Predictably, they were soundly beaten in the first Test and lost a tense second in the final hour.  The series was pretty much over by the time they hit their straps for a victory in the third.  If an Indian team featuring greats like Tendulkar, Dravid, Laxman, Sehwag, Ganguly, Kumble and Harbajan couldn't adjust that quickly, what chance did the modest and inexperienced West Indians have?  And how will the Australians go in New Zealand later this year when they take on a Test series there without a single red-ball warm up match?

This combination of wealth disparity and poor preparation means too many series are dominated by the home team.  The results are too predictable.  The public switches off, literally and figuratively, and the goose's golden-egg laying powers seem to be on the wane.
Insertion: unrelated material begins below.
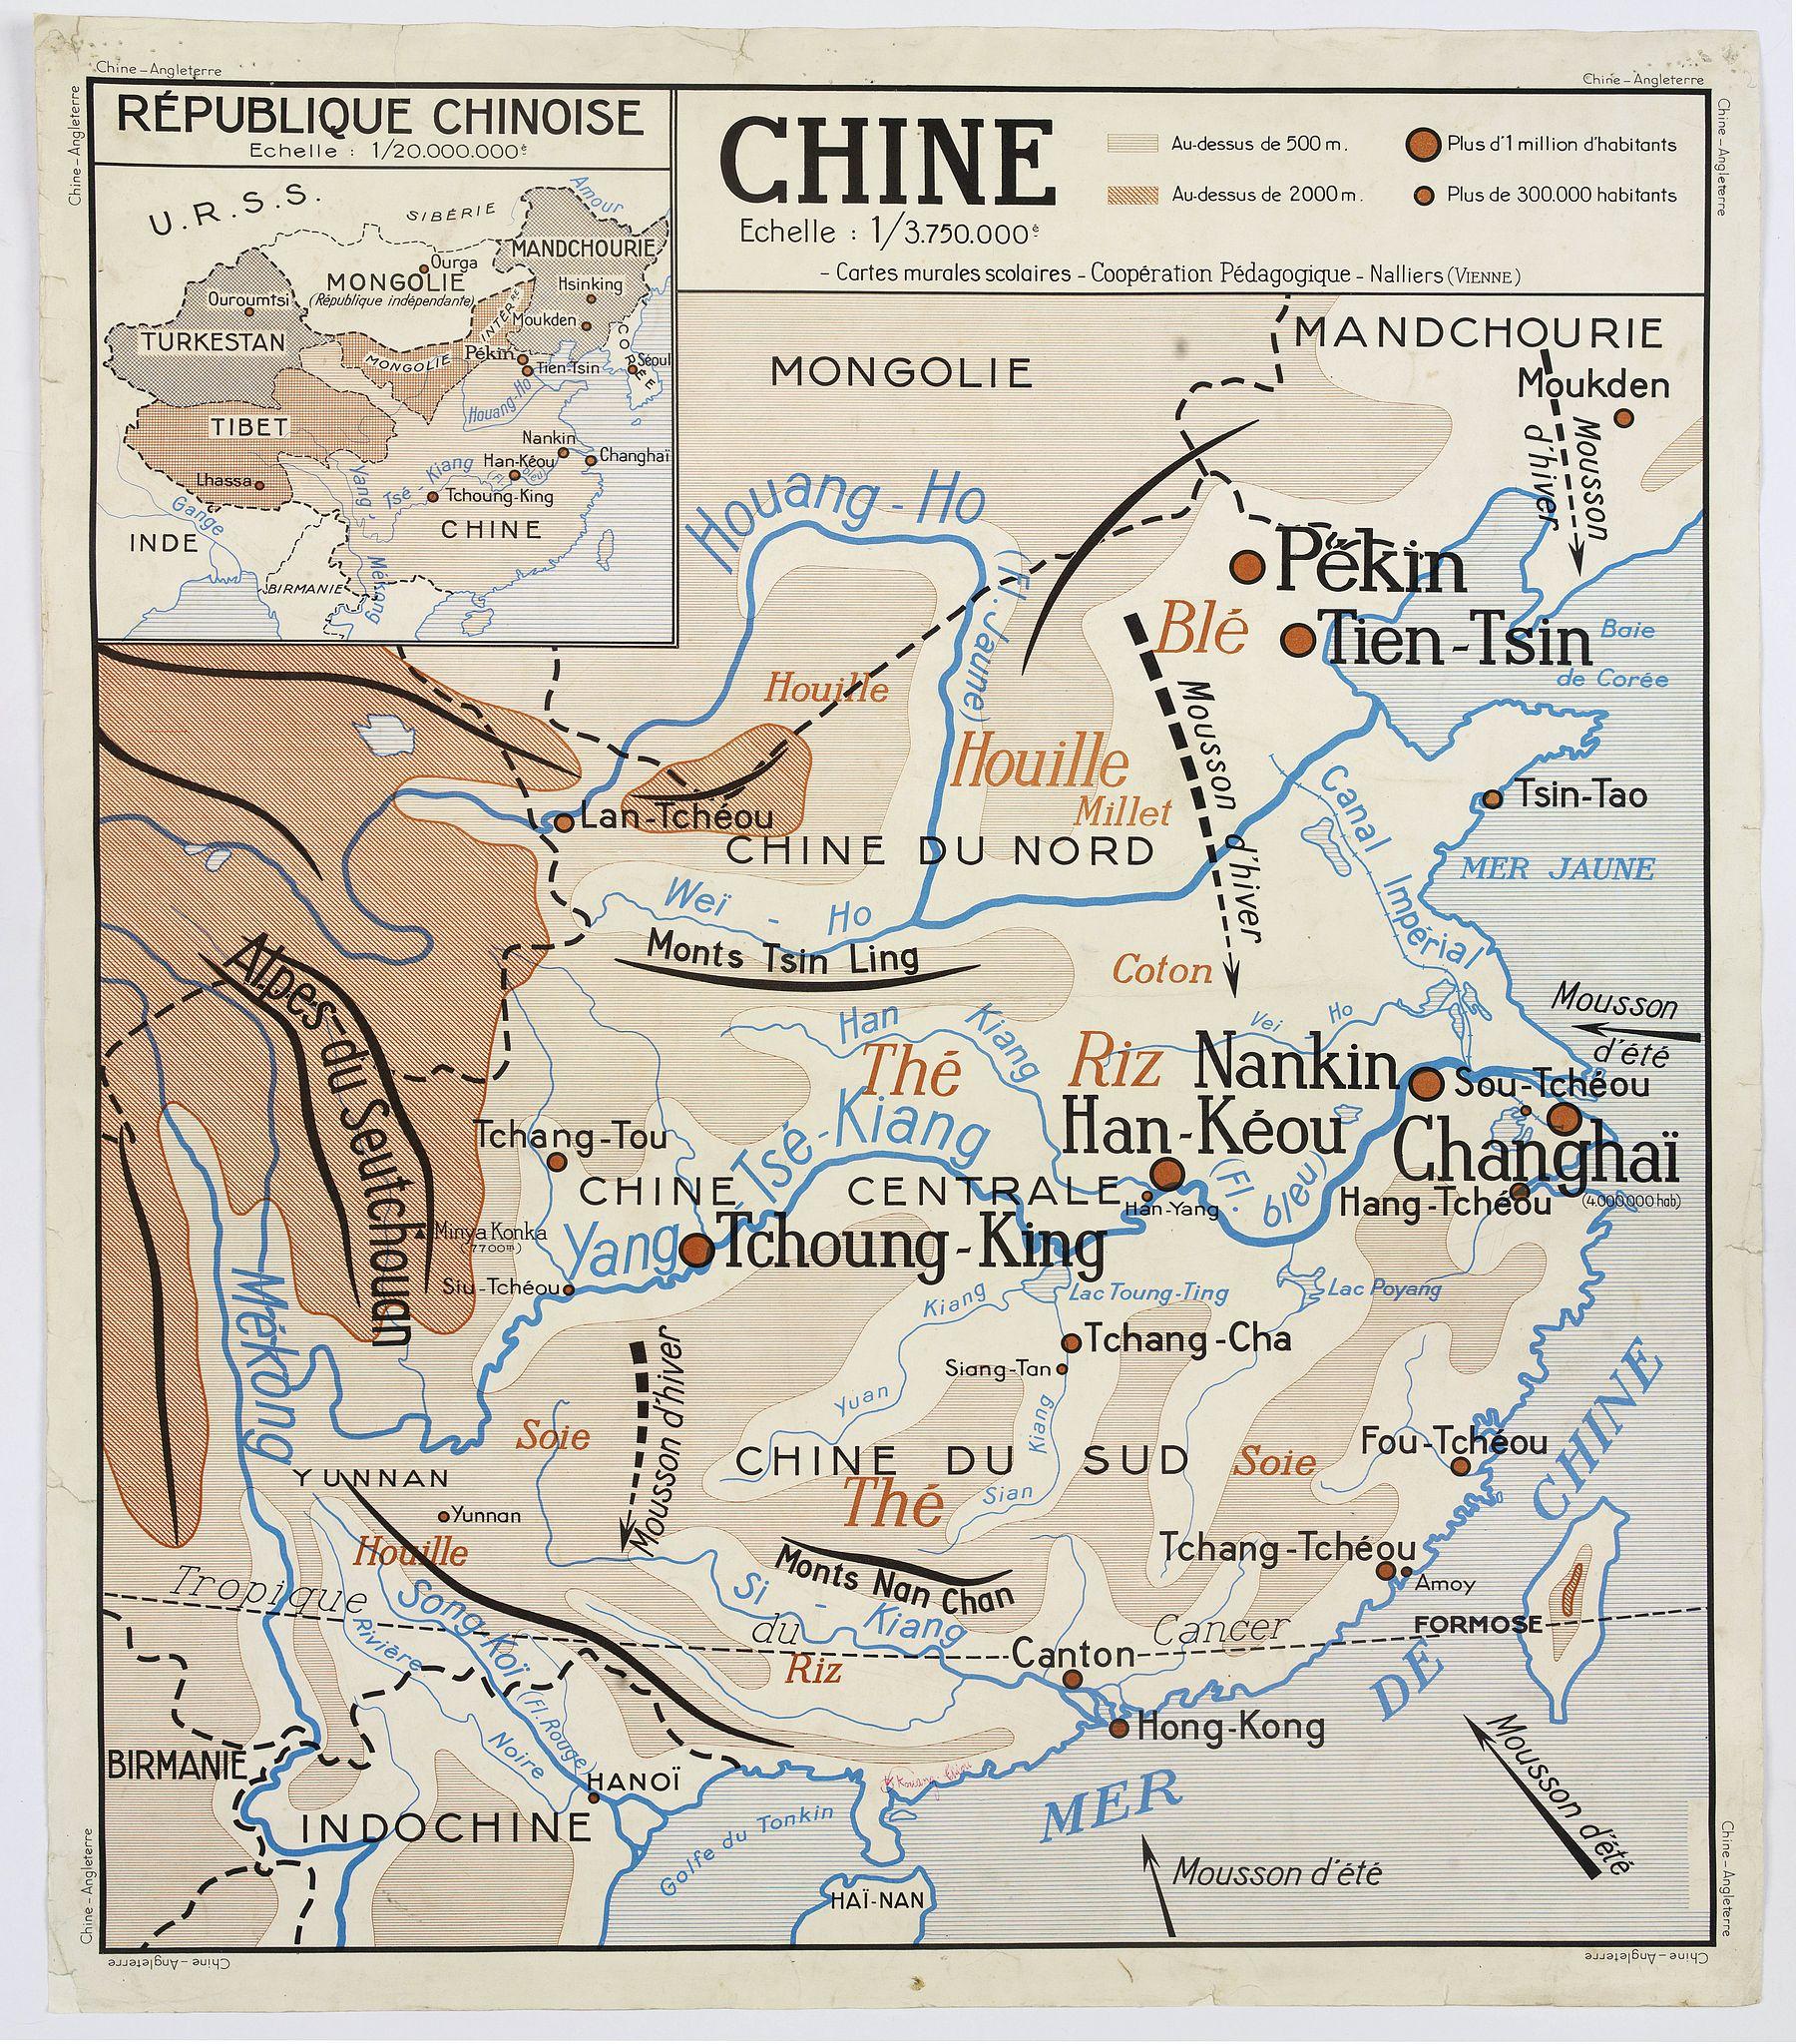 COOPERATION PEDAGOGIQUE. -  Chine - Angleterre.
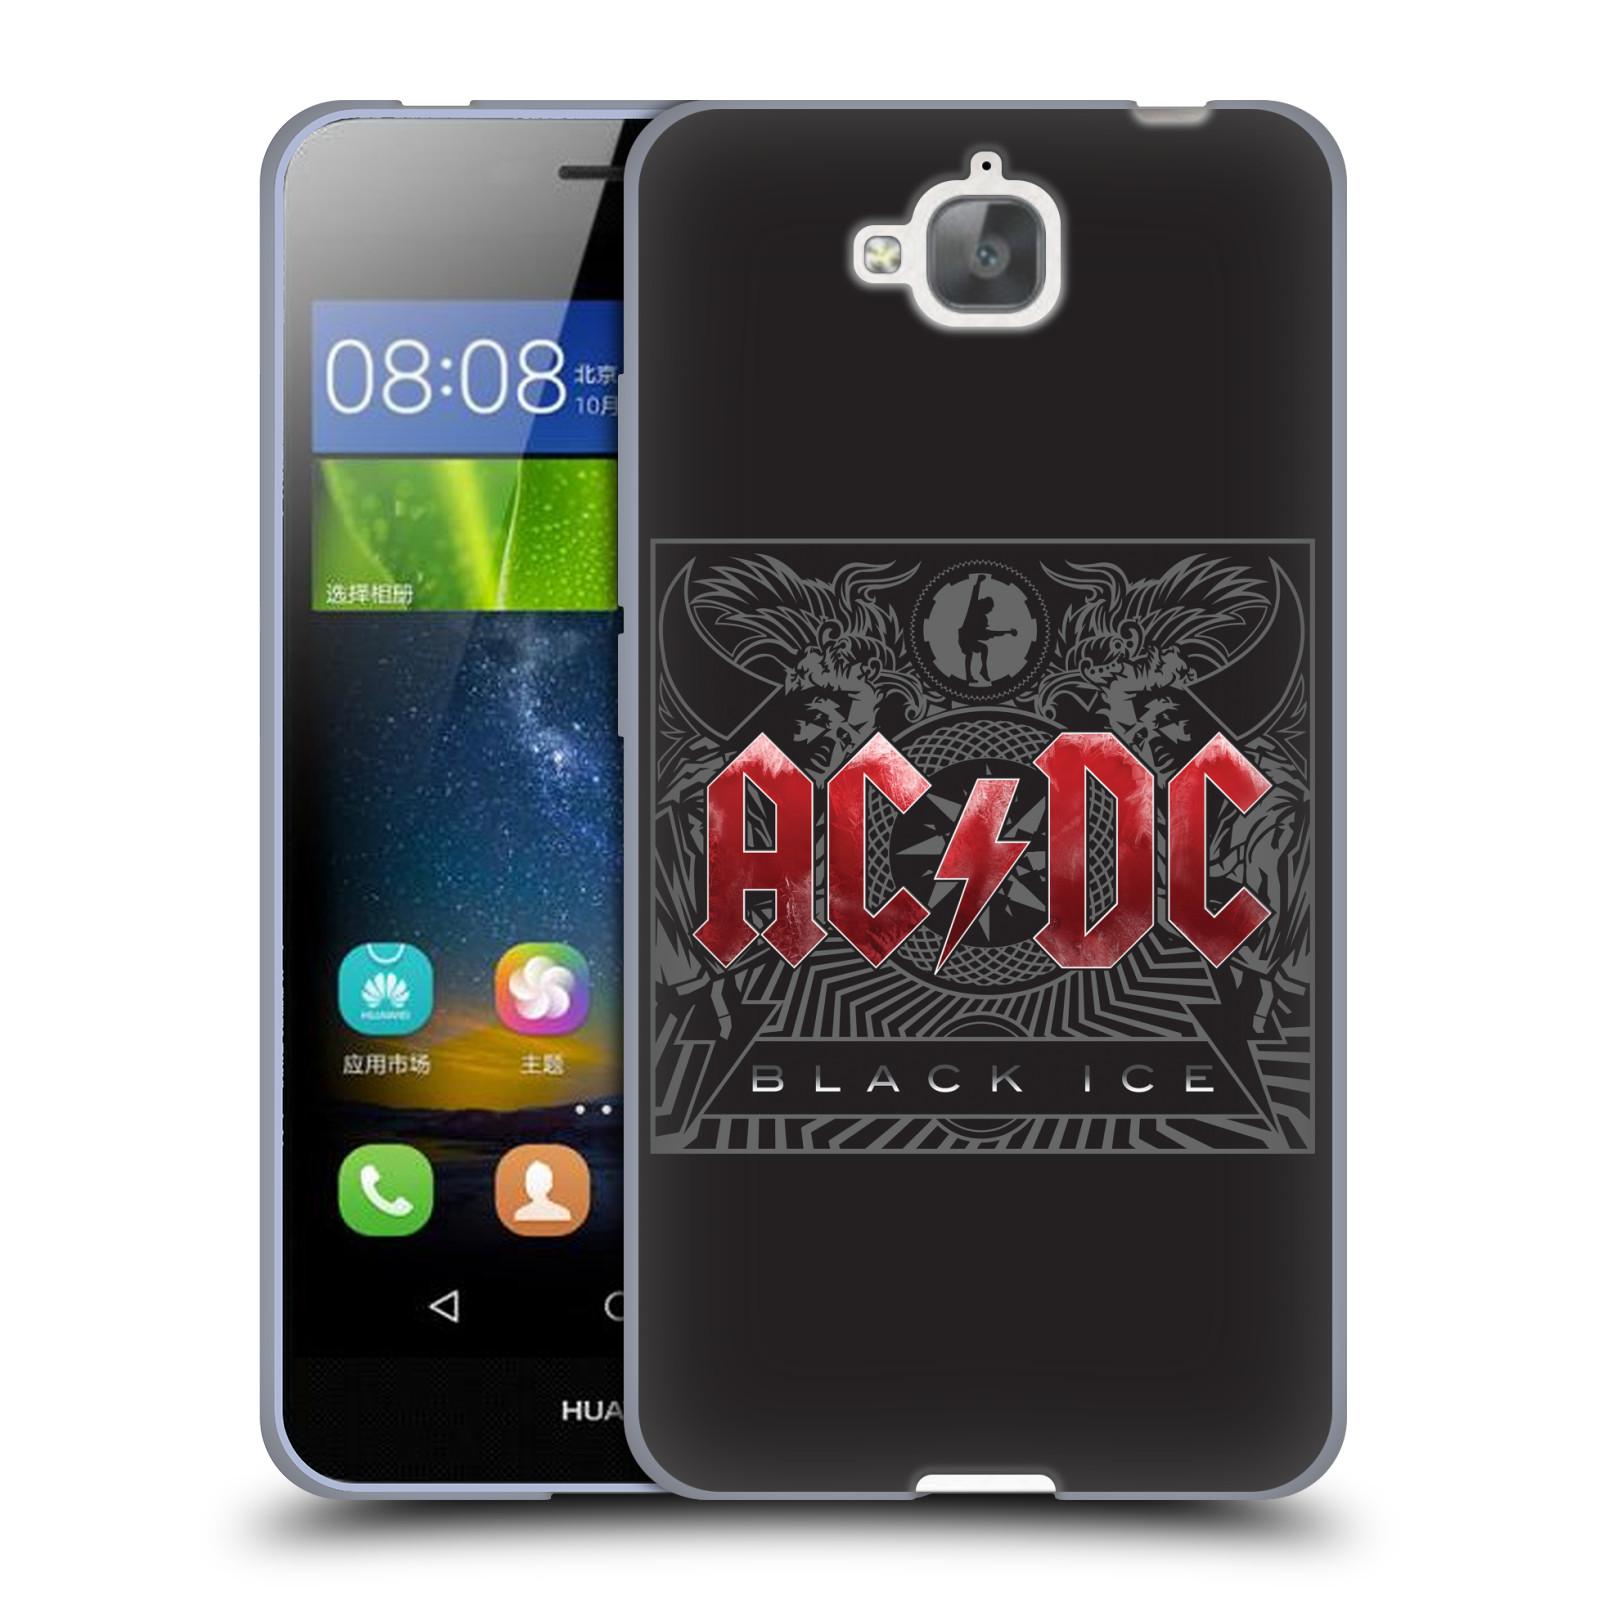 Silikonové pouzdro na mobil Huawei Y6 Pro Dual Sim HEAD CASE AC/DC Black Ice

All of this could have been managed in some typically haphazard way if it wasn't for the advent of T20 cricket.  T20 is a broadcaster's dream.  The whole game can be fitted into a single prime-time TV slot.  The fact that there are still 11 batters but only 20 overs encourages the batting team to take risks and the result is constant big hitting with no time for the match to become a televisually boring war of attrition.

In the late 1970s Kerry Packer dragged cricket authorities into the world of commercial broadcasting by setting up his own competition.  This time around the cricketing authorities were much more astute.  The Board of Cricket Control India cut off the rebel Indian Cricket League at the pass by setting up its own much more handsomely funded Indian Premier League.  The IPL model has since been copied in Bangladesh, the Caribbean, South Africa and Australia, with England gradually inching its way towards the same thing.

All these competitions feature newly created city-based teams with fancy names and huge marketing departments whose job is to whip up instant brand loyalty.  Players are recruited through a bidding process and local players are supplemented by big name (and highly paid) overseas recruits.  Competitions are short and sharp, typically lasting for around six weeks with virtually daily games.

The result is a cadre of professional players who make a living travelling from tournament to tournament.  Some of these are big names near the end of their careers like Chris Gayle or Kevin Pietersen, who are paid handsomely to be the public face of these competitions.  There are also a lot of lesser known and more modestly paid players who, after years of struggling to survive in second tier competitions, finally have a way of making a decent living that doesn't rely on selection in their national team.

These competitions have been hugely successful.  The IPL continues to attract large audiences in India both at the grounds and on TV.  Over the last two years the same has happened in Australia. Five years into the Big Bash League, games are breaking long-standing domestic crowd records (over 80,000 to a recent game at the MCG) and over 400,000 people are watching nightly games on TV.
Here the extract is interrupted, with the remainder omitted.